# Anyone still make dadant deeps, frames, or foundation?



## AmericasBeekeeper (Jan 24, 2010)

I have a few hundred Dadant deep frames if you are interested. PM for price and shipping.


----------



## jim lyon (Feb 19, 2006)

WI-beek said:


> I want to try dadant deeps just for giggles. I would make the boxes if I could find frames.


 Dadants might be a good place to try, they have a branch in Watertown WI


----------



## WI-beek (Jul 14, 2009)

"Dadants might be a good place to try, they have a branch in Watertown WI"

They lady did not even know what they were. She kindly informed me the ones they have are 9-5/8


----------



## odfrank (May 13, 2002)

Rossman sells 11 1/4" deep frames. 
229 985-7200

The end bars are normal thickness which is a bit thin for a tall frame. 
Dadant sells the foundation.


----------



## AmericasBeekeeper (Jan 24, 2010)

Pretty scary when the supplier does not know the deep super is 9 5/8 and the frames are 9 1/8, medium supers are 6 5/8, medium frames are 6 1/4. They are listed in the on-line catalog.


----------



## WI-beek (Jul 14, 2009)

Ok folks, it seems there is some confusion here.
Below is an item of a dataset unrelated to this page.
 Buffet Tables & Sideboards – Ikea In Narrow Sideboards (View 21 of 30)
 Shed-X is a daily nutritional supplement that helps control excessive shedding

When I say dadant deep I am not talking about a normal/standard 9 5/8" deep box, I am talking about the "DADANT DEEP". It was developed by Charles Dadant, hence the name "Dadant Deep" It is 11 3/4 deep and holds 11 frames instead of 10. I guess some call it a Jumbo deep or Langstroth Jumbo.


----------



## Jim 134 (Dec 1, 2007)

"DADANT DEEP" (AKA) Jumbo are 11 frames 11 3/4" deep.


BEE HAPPY Jim 134


----------



## mythomane (Feb 18, 2009)

odfrank said:


> Rossman sells 11 1/4" deep frames.
> 229 985-7200
> 
> The end bars are normal thickness which is a bit thin for a tall frame.
> Dadant sells the foundation.



Do not wire these. Use a solid dowel or bar through the middle. It will give it support.


----------



## brushmouth (Jan 17, 2010)

WI-beek said:


> I want to try dadant deeps just for giggles. I would make the boxes if I could find frames.


 
Give Rossman's a call, I purchased some replacements this summer.
They are new old stock and will not be made anymore.
Think Ann Rossman said they had 1000 or so left.
Dadants has the foundation (wired with hooks in 25# boxes)
but only makes a run of it on occasion.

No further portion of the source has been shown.